**Aim of the exercise**.
The reply should hold only the lines below beginning at the one with "25 kpm ii monitor" and ending at the one with "XBR Elegante Estuche", copied exactly, with every picture left out.

**Exercise material**.
_____
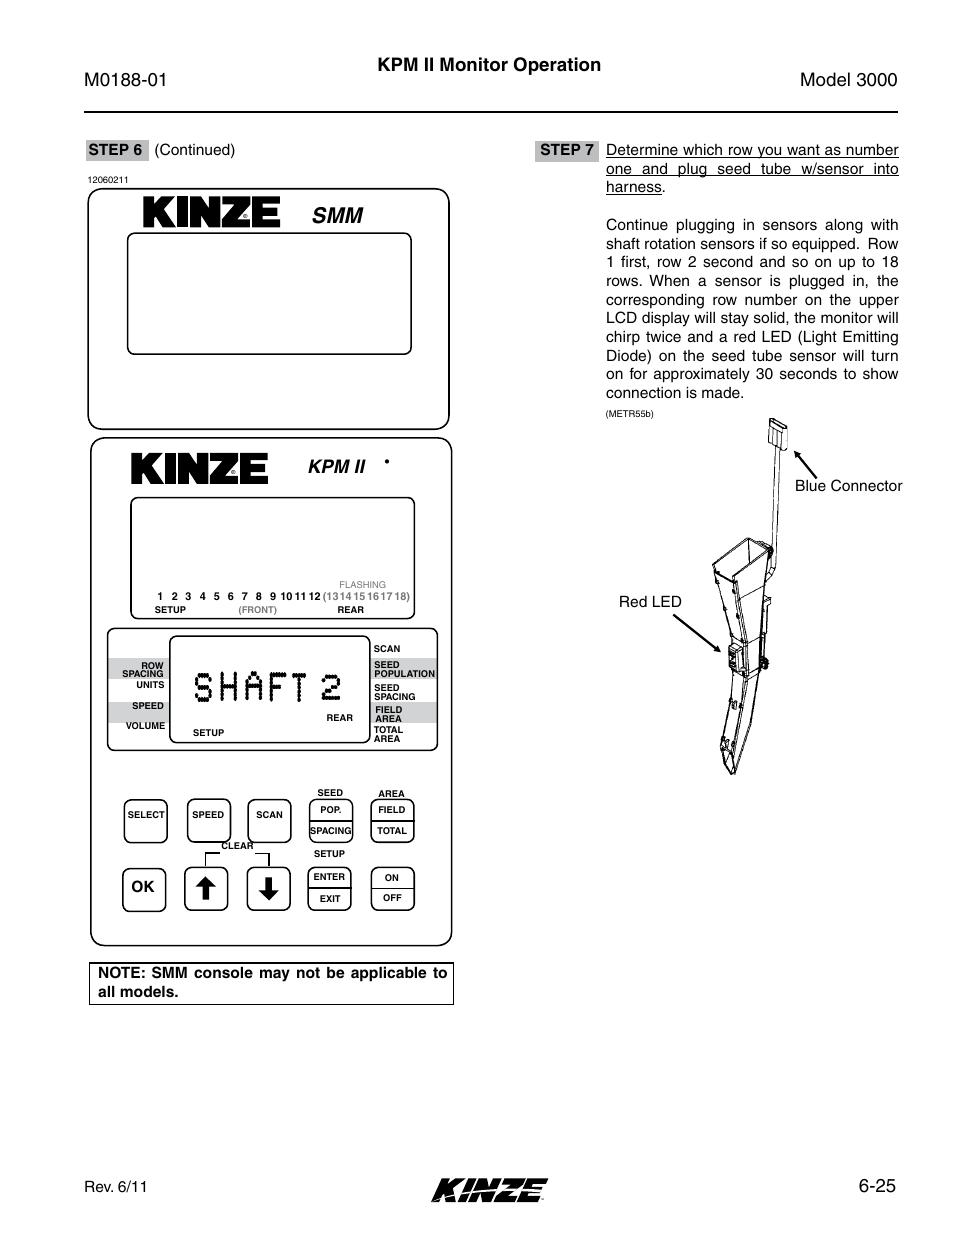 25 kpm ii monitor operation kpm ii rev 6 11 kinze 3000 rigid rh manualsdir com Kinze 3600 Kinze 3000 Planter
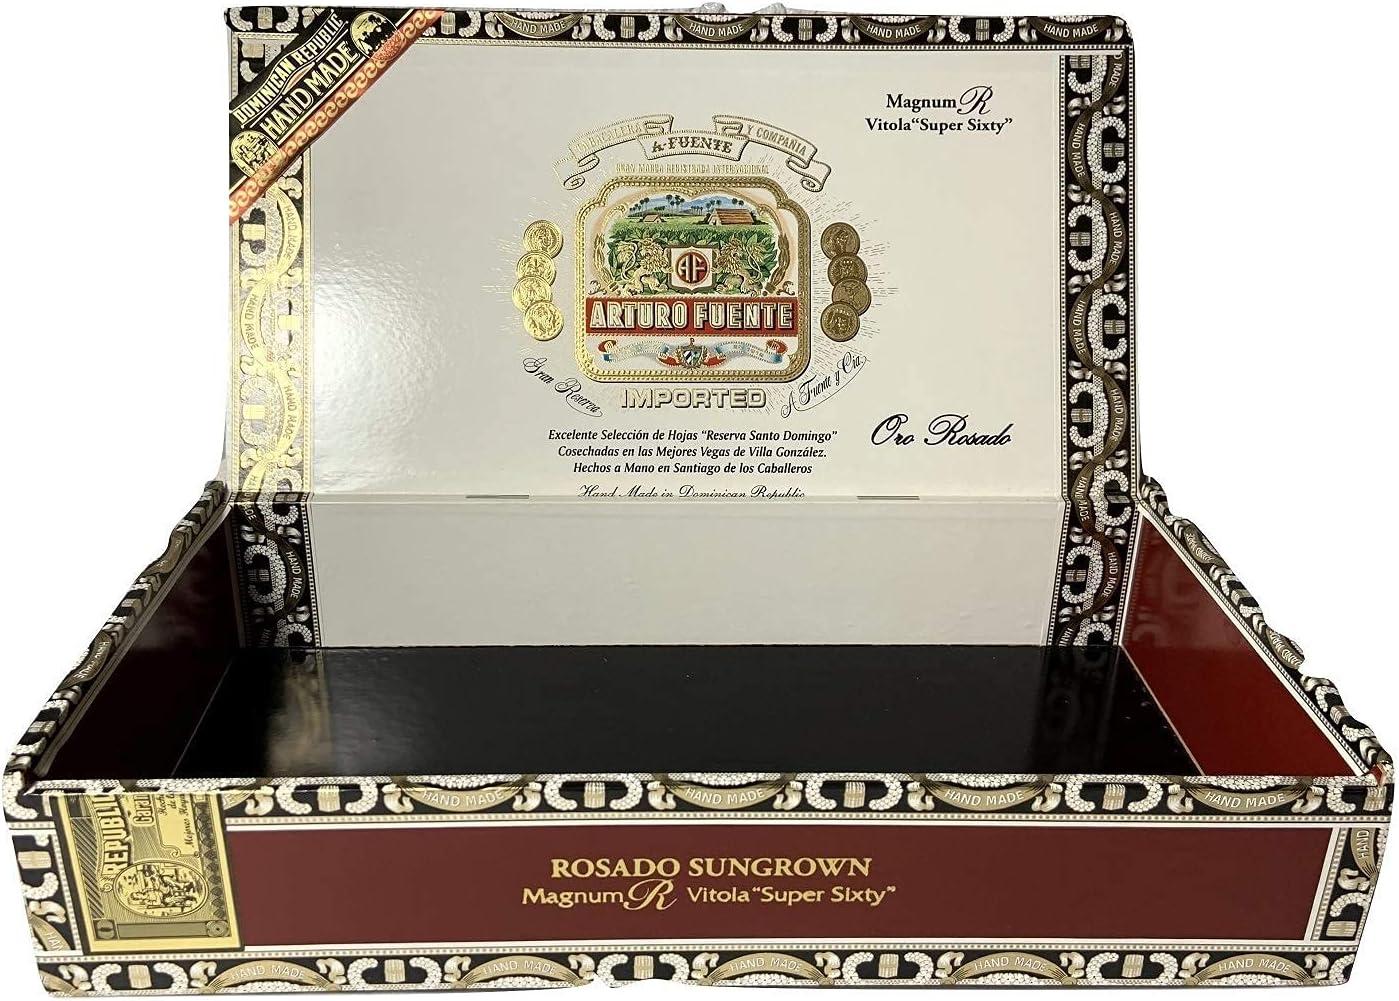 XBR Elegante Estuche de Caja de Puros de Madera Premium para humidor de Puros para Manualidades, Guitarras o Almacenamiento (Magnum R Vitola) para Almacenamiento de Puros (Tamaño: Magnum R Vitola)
_____
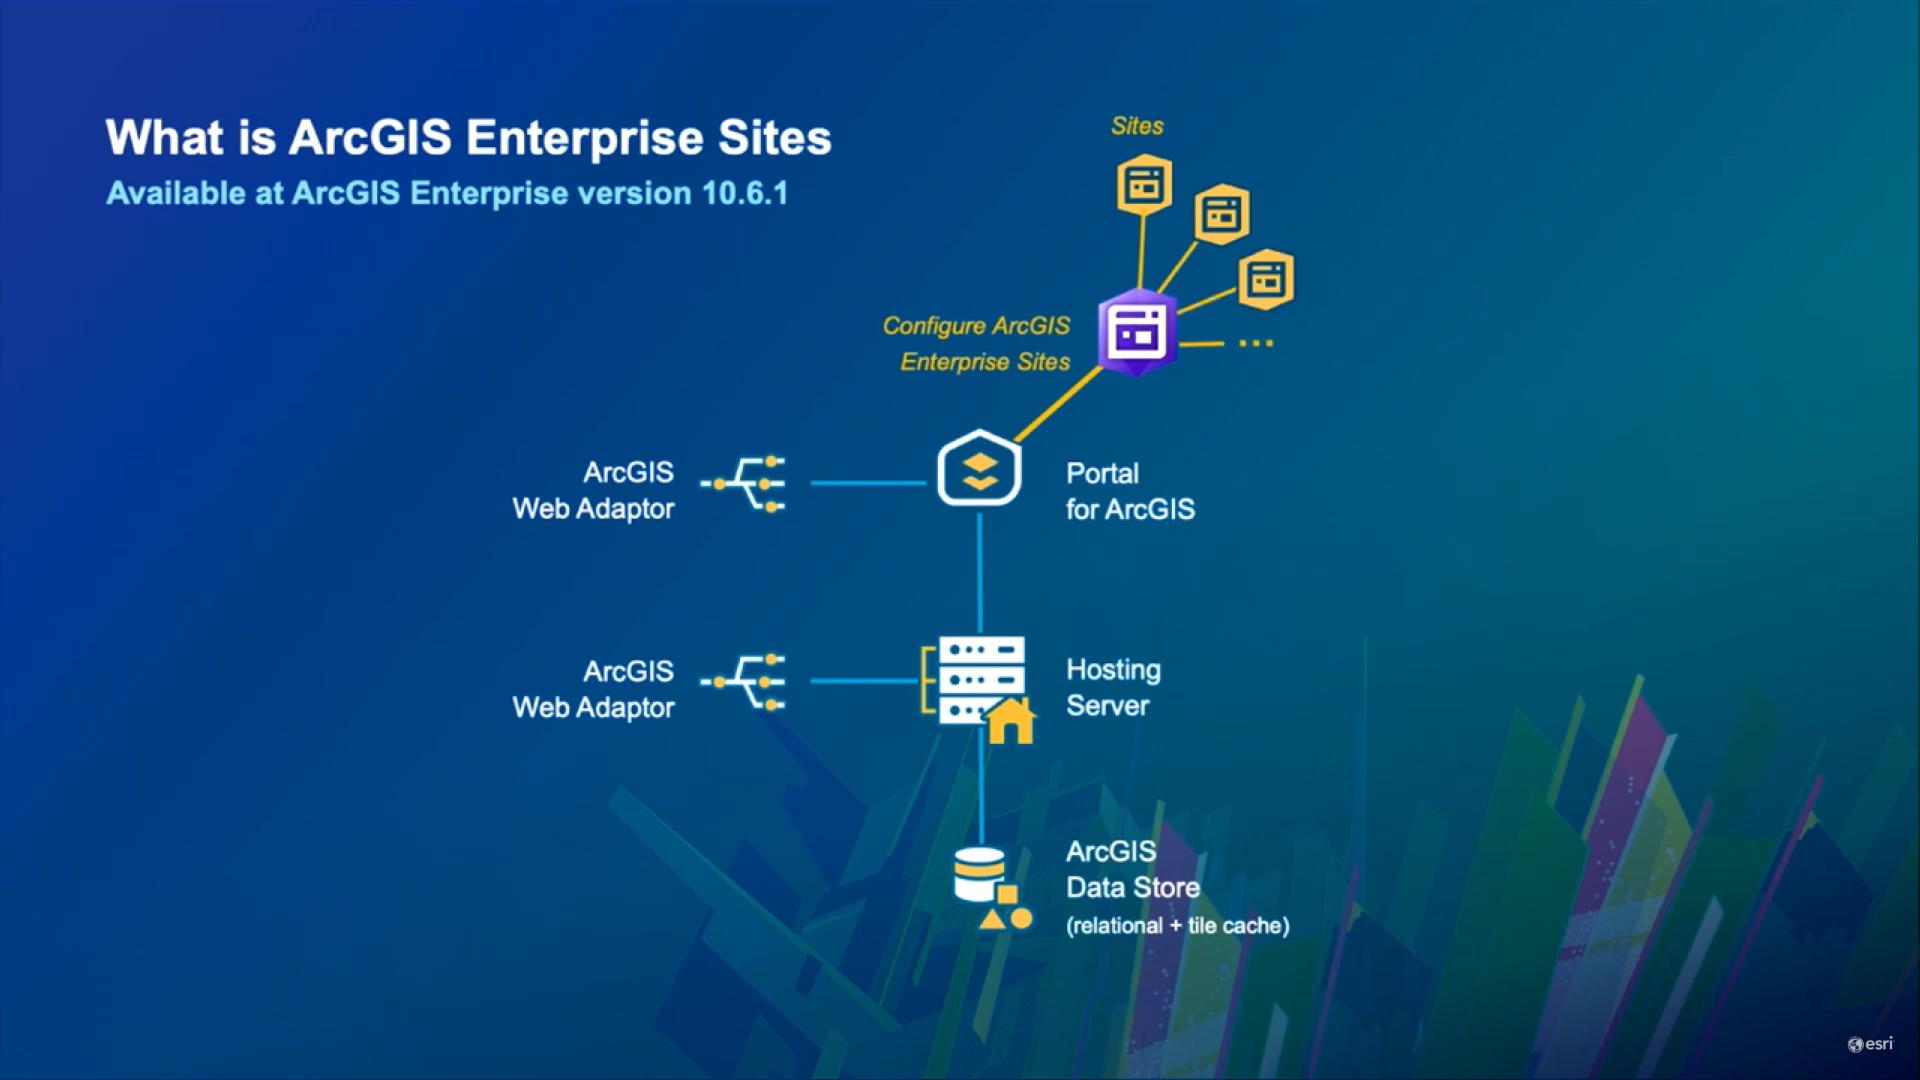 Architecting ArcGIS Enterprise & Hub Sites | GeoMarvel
_____
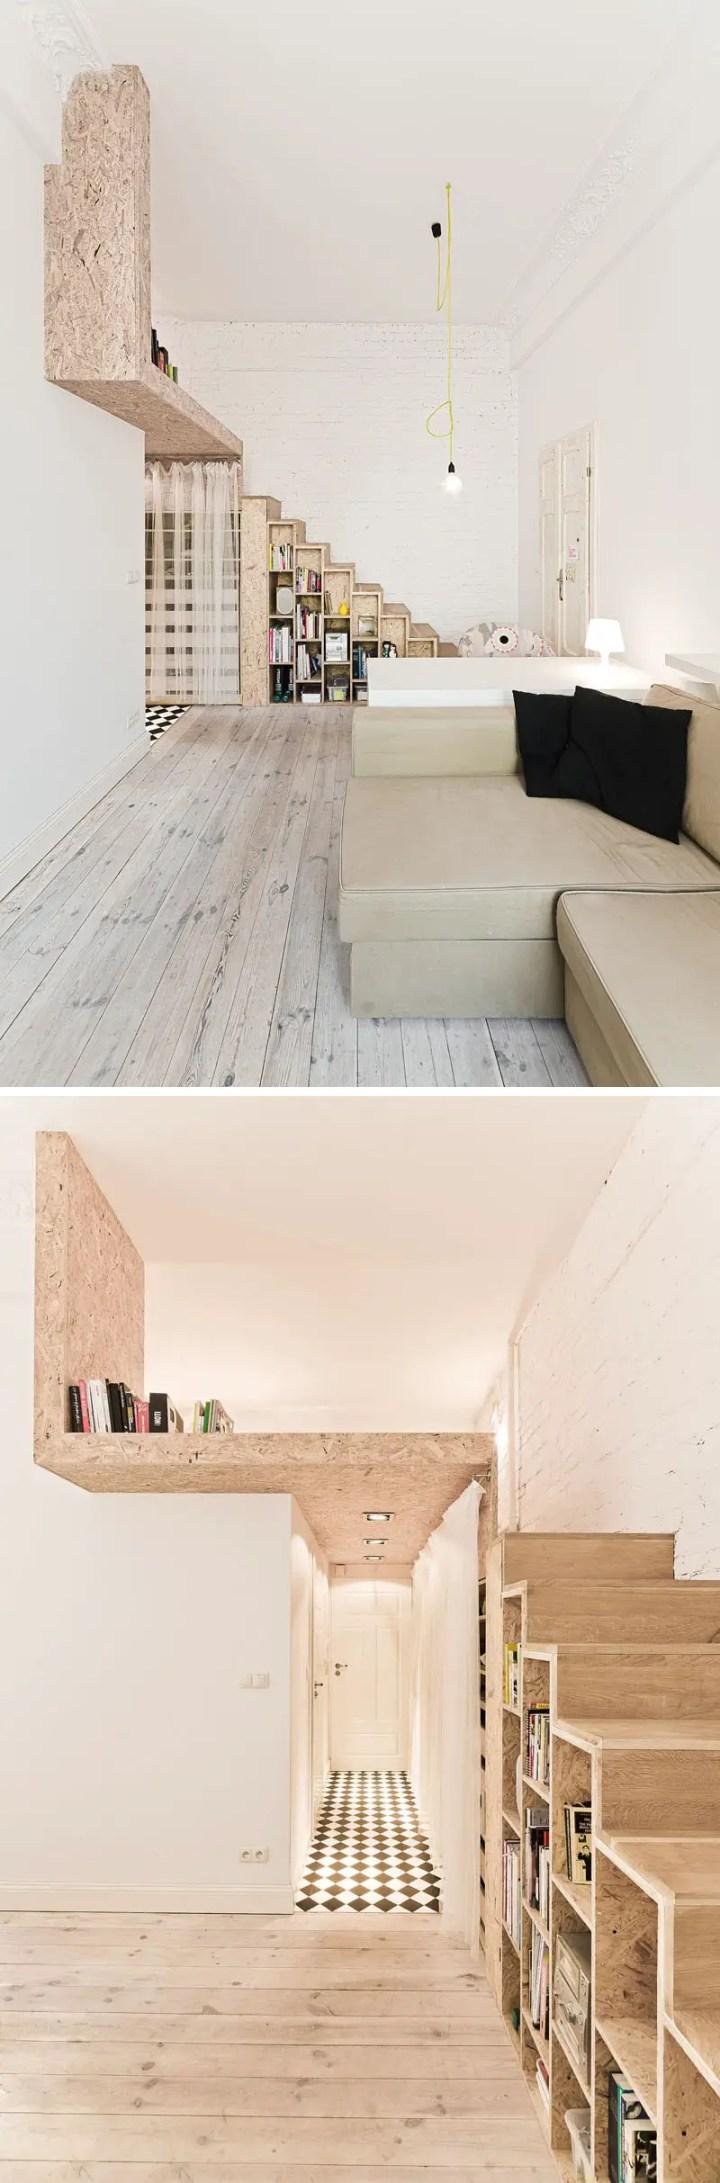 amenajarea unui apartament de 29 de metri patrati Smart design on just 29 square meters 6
_____
**Output of the task**.
 25 kpm ii monitor operation kpm ii rev 6 11 kinze 3000 rigid rh manualsdir com Kinze 3600 Kinze 3000 Planter
 XBR Elegante Estuche de Caja de Puros de Madera Premium para humidor de Puros para Manualidades, Guitarras o Almacenamiento (Magnum R Vitola) para Almacenamiento de Puros (Tamaño: Magnum R Vitola)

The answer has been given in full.